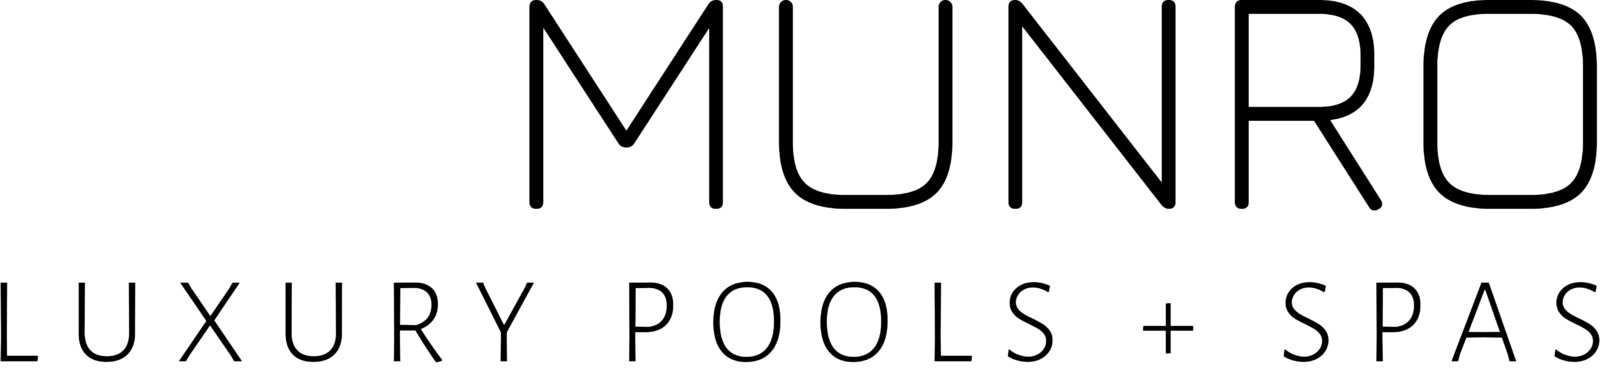 Munro Luxury Pools + Spas – Collingwood Pools and Spas
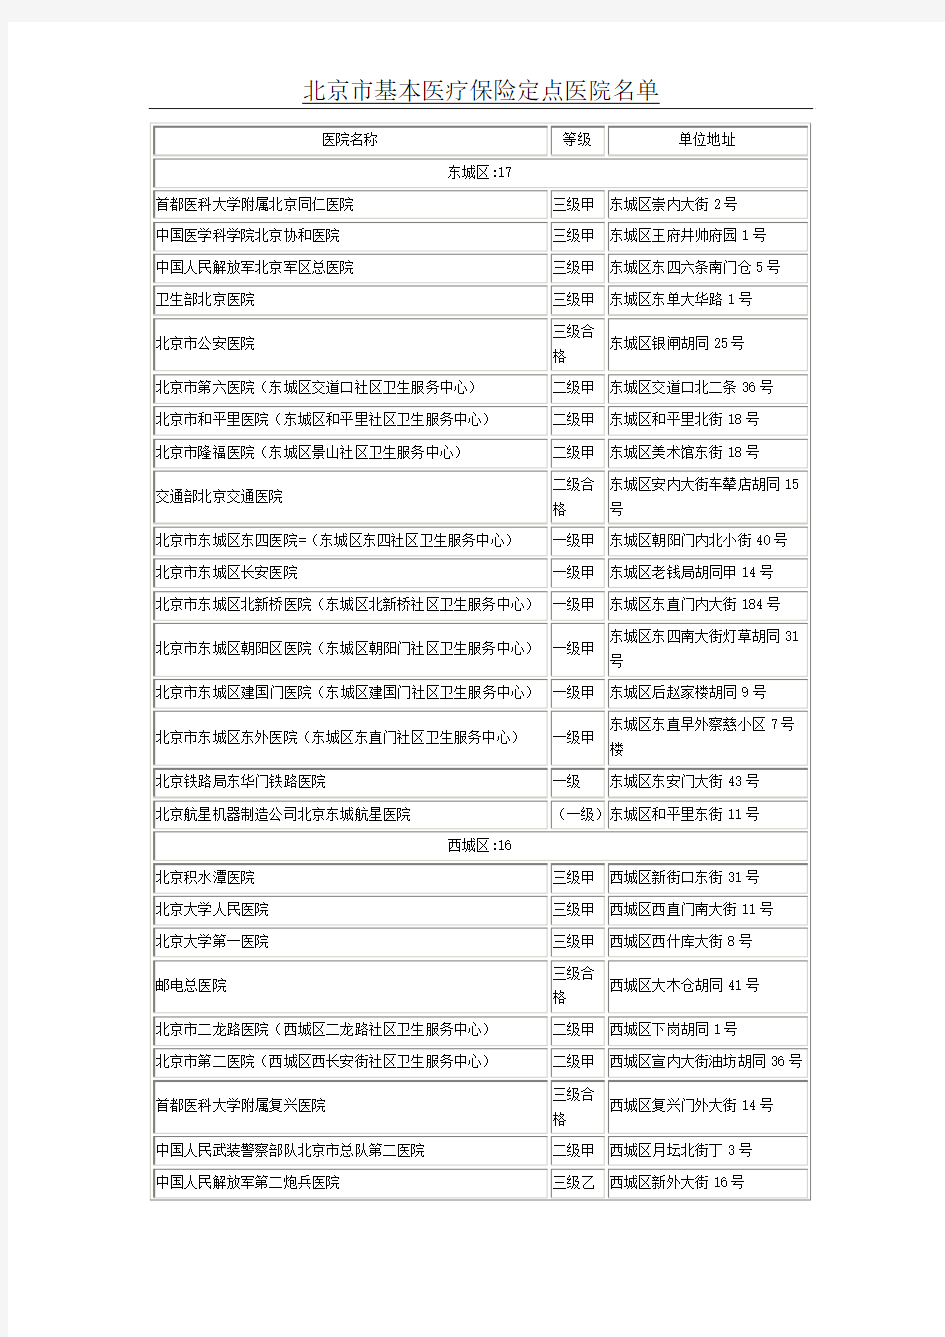 北京市基本医疗保险定点医院名单
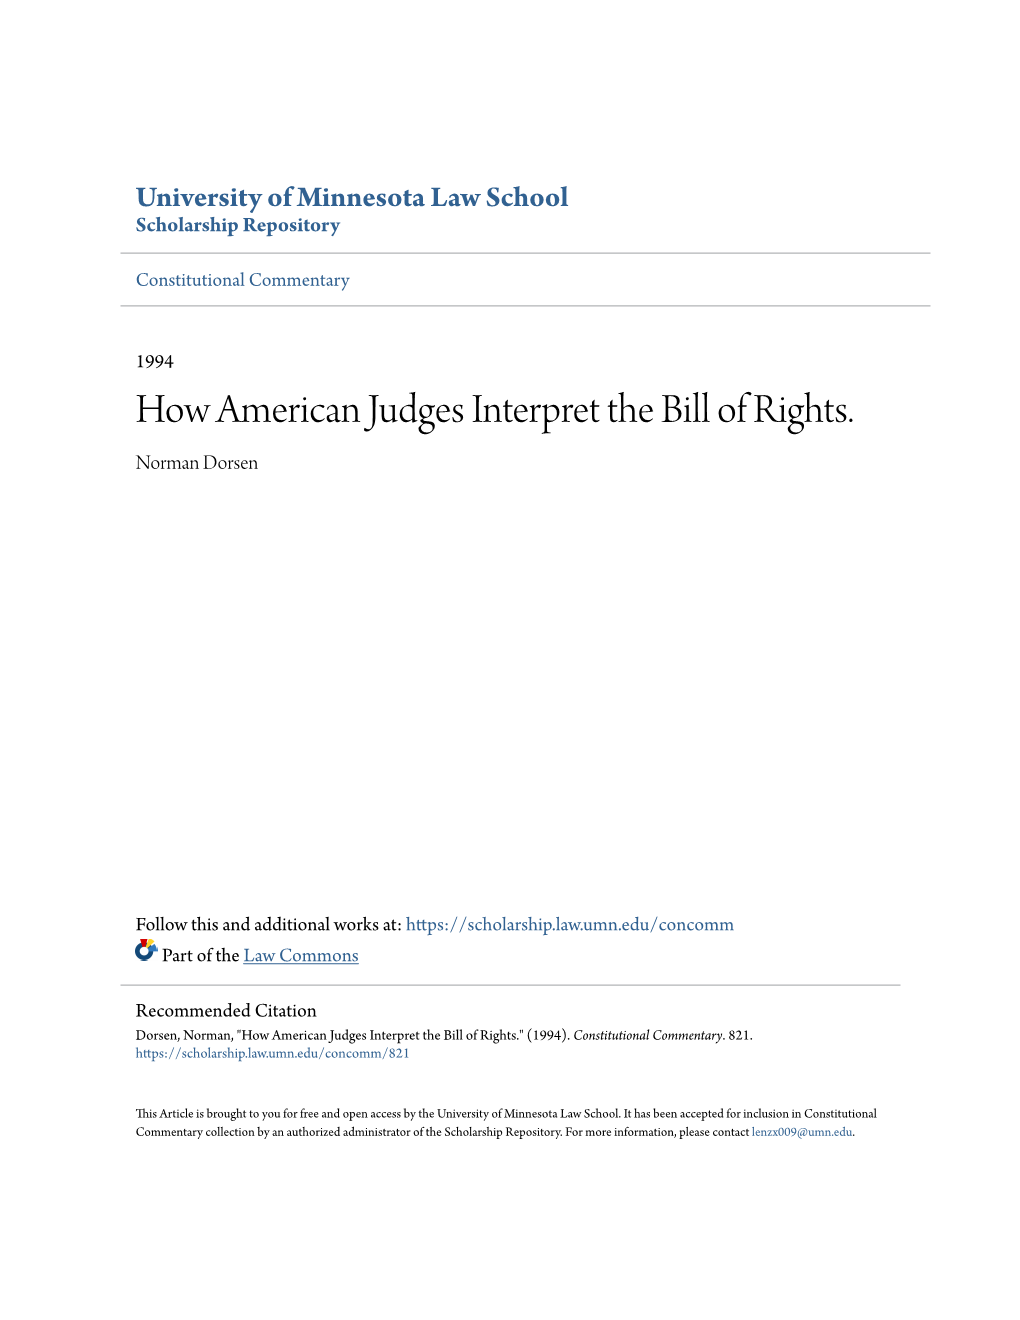 How American Judges Interpret the Bill of Rights. Norman Dorsen

• _ASSIGNMENT_
Print the material in full and exactly, minus the pictures.

• _SOLUTION_
 Munro Luxury Pools + Spas – Collingwood Pools and Spas
 北京市基本医疗保险定点医院名单
 How American Judges Interpret the Bill of Rights. Norman Dorsen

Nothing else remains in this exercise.